Task item:
No pictures go into the copy. Write out exactly the lines below from the one containing "Logainmneacha Dhobhair Agus" through the one containing "El presidente de".

Records:
——

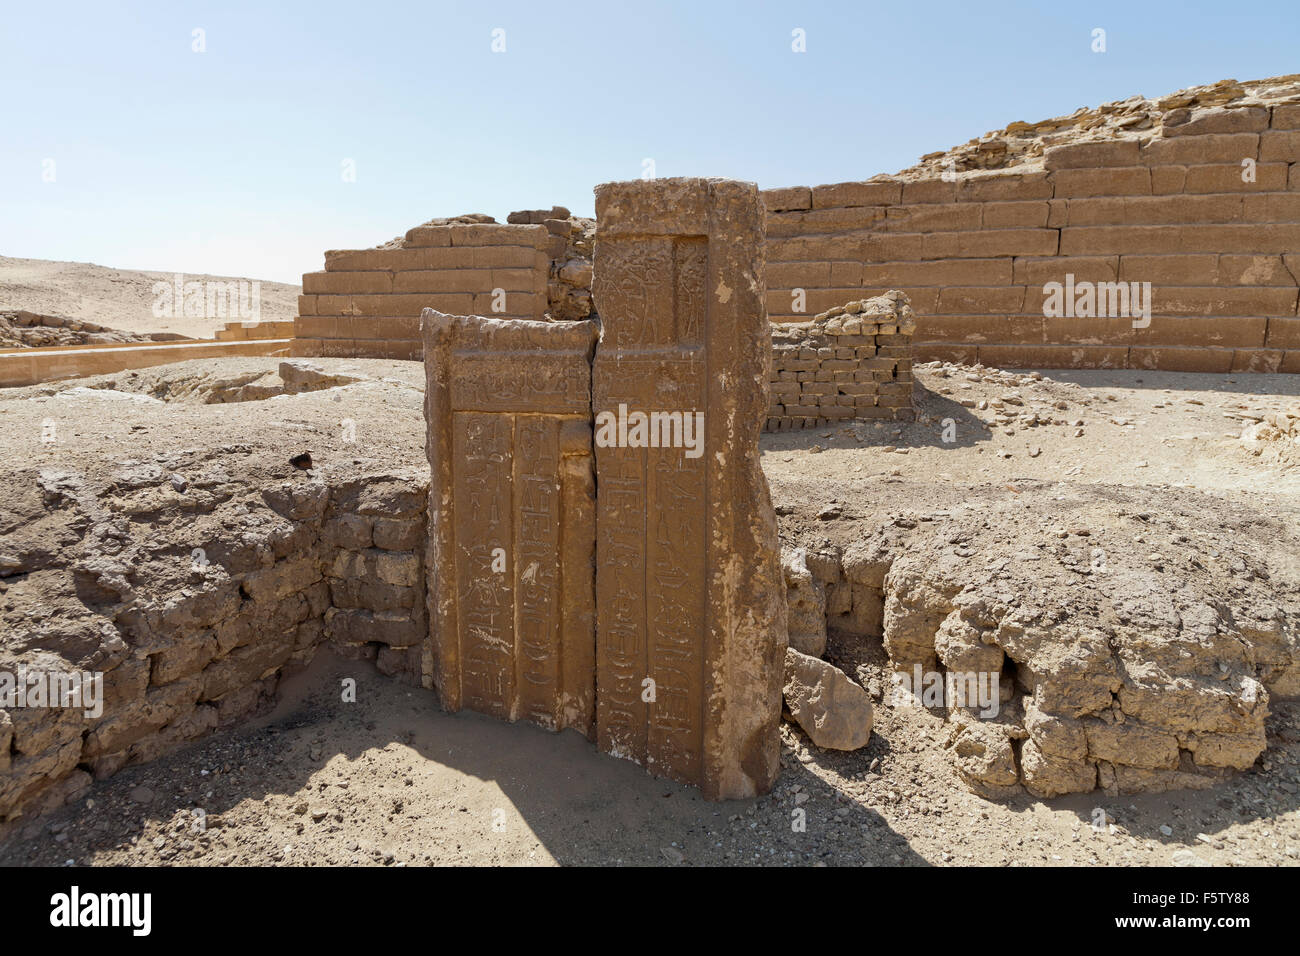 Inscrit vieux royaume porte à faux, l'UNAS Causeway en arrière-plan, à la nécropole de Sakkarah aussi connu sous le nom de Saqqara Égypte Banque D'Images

——

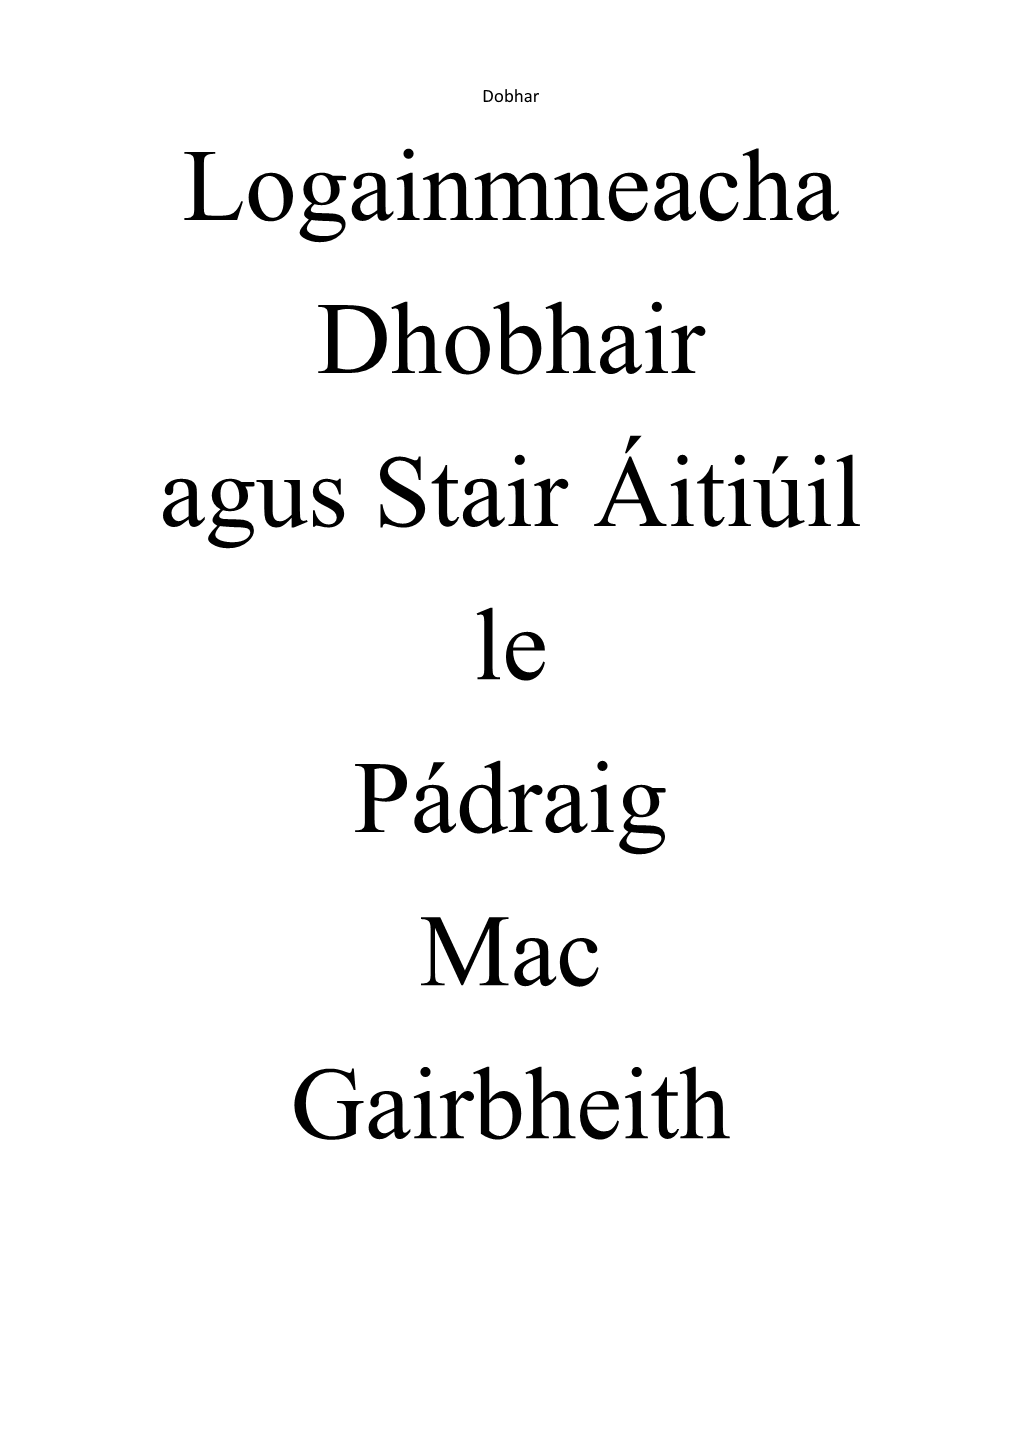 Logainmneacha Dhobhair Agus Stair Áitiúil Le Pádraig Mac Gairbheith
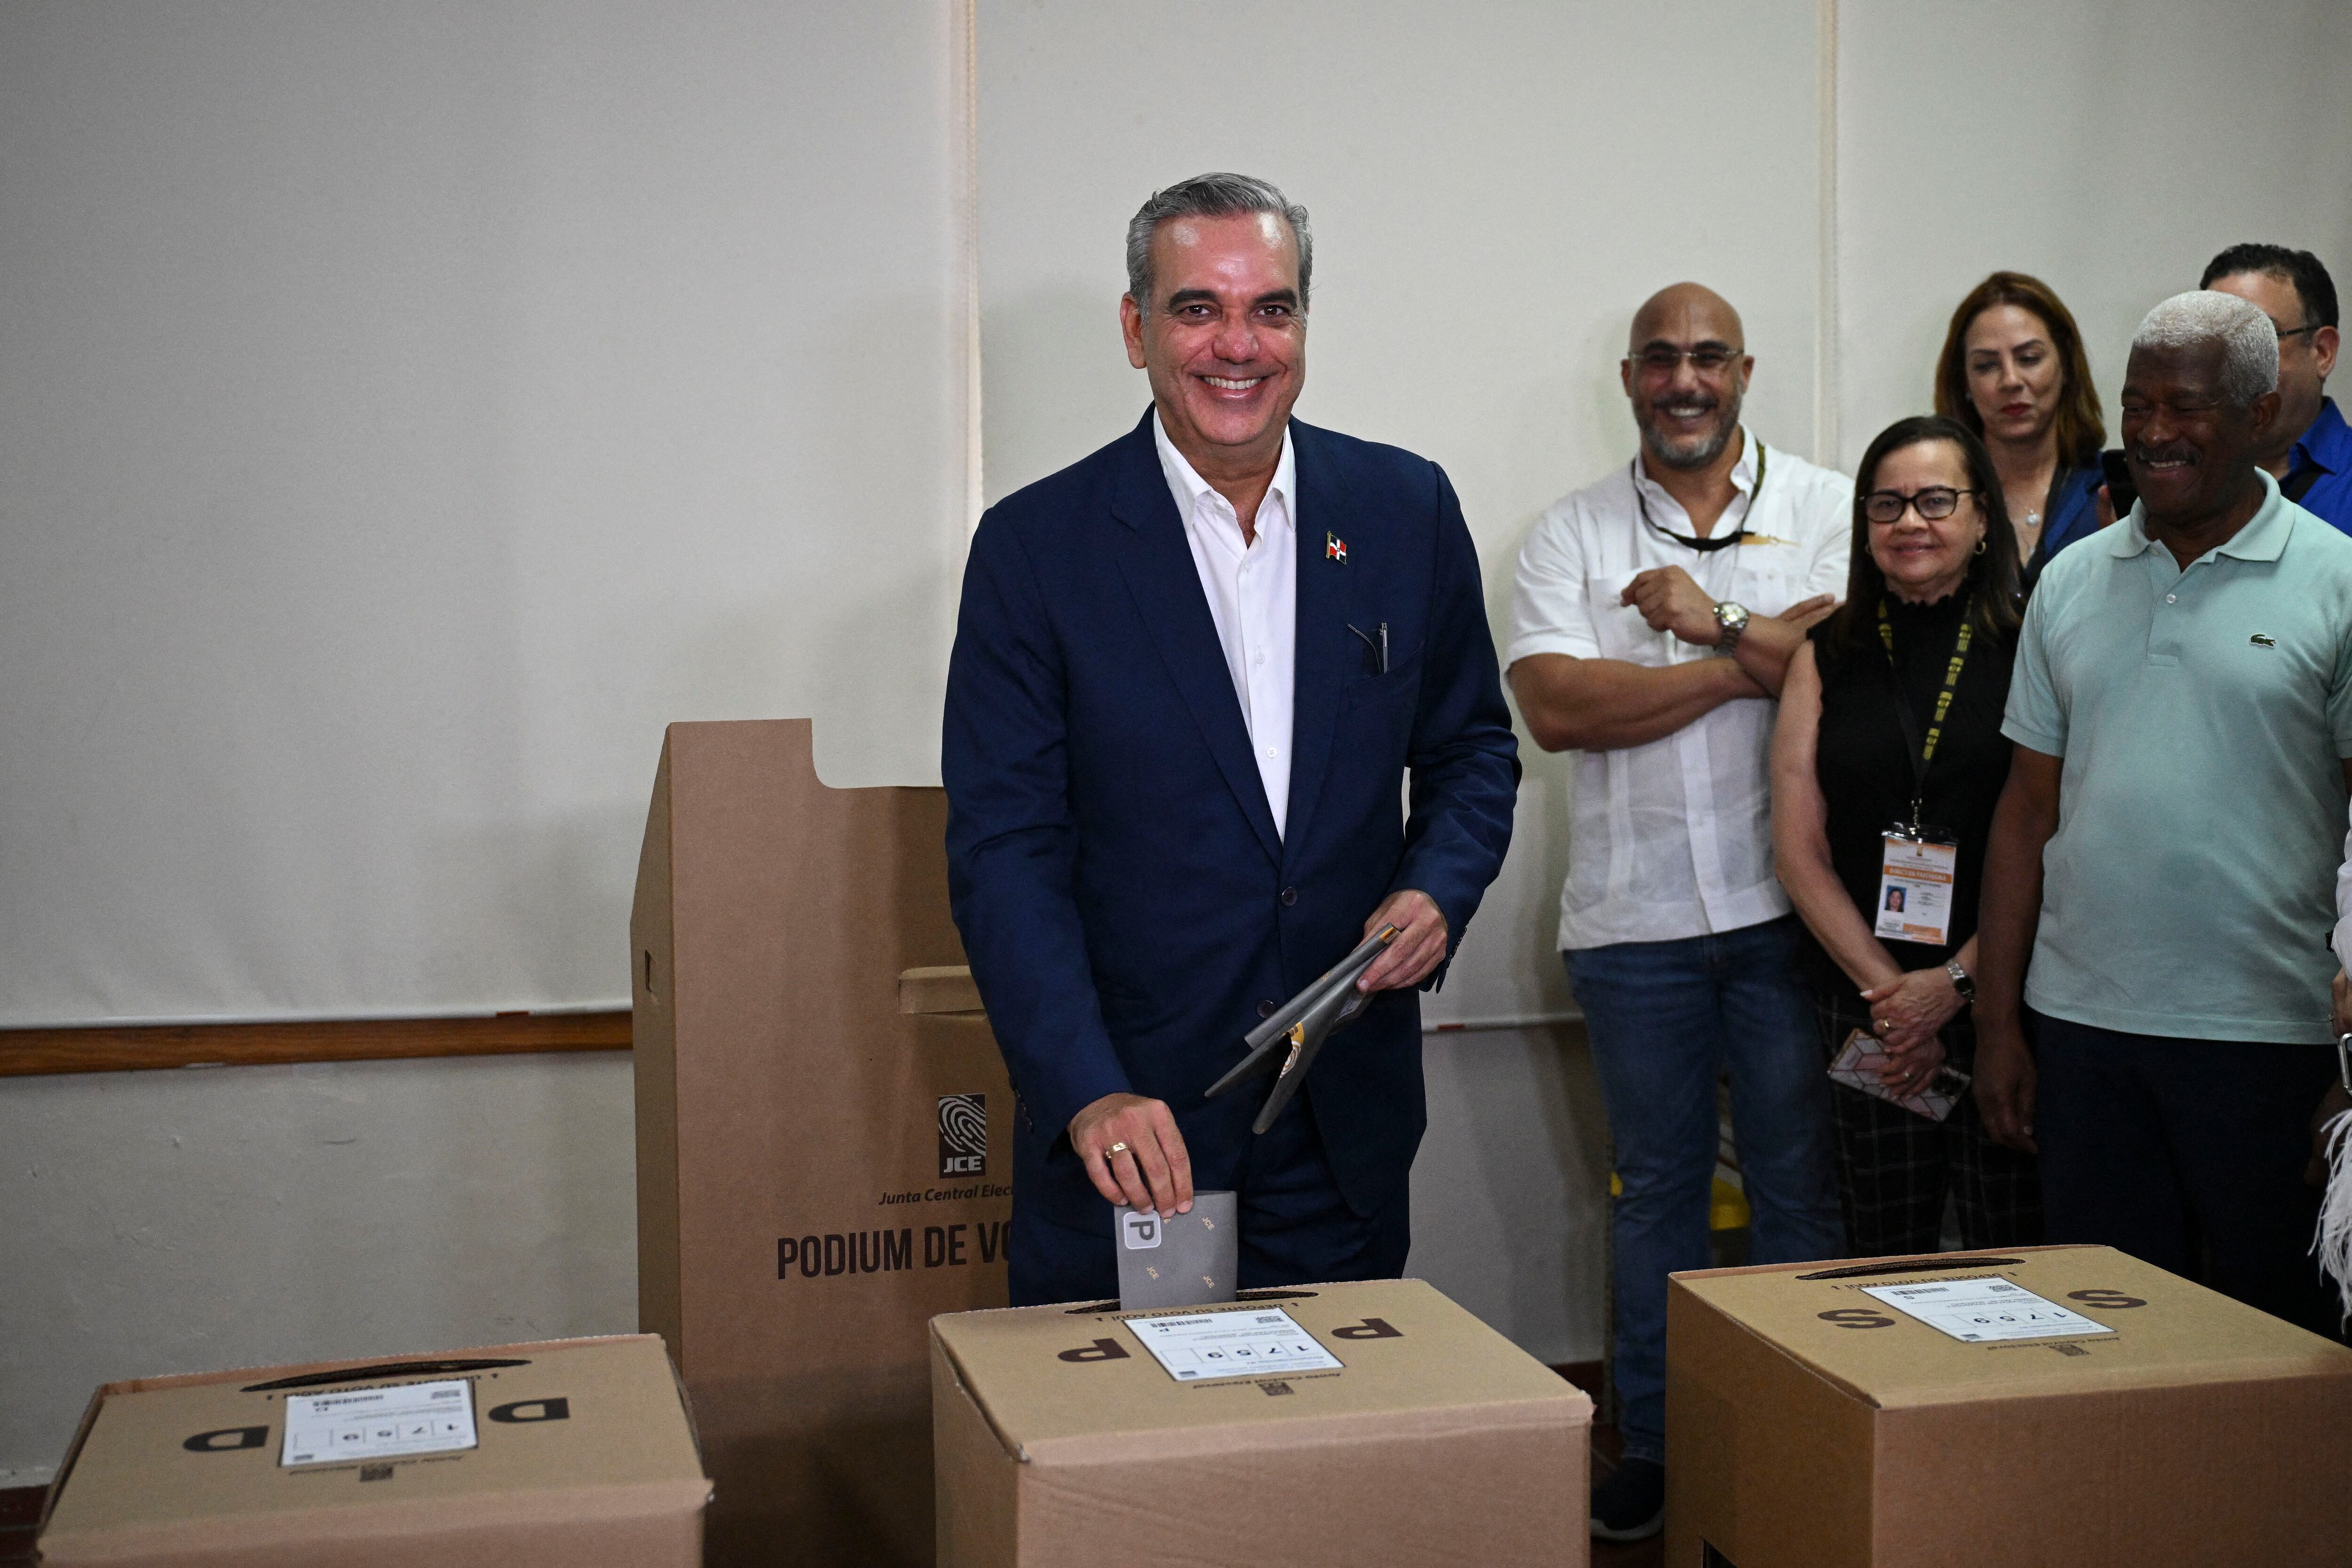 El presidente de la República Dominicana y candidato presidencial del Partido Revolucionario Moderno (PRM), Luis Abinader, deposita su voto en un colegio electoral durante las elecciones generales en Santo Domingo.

——

Solution to this exercise:
 Logainmneacha Dhobhair Agus Stair Áitiúil Le Pádraig Mac Gairbheith
 El presidente de la República Dominicana y candidato presidencial del Partido Revolucionario Moderno (PRM), Luis Abinader, deposita su voto en un colegio electoral durante las elecciones generales en Santo Domingo.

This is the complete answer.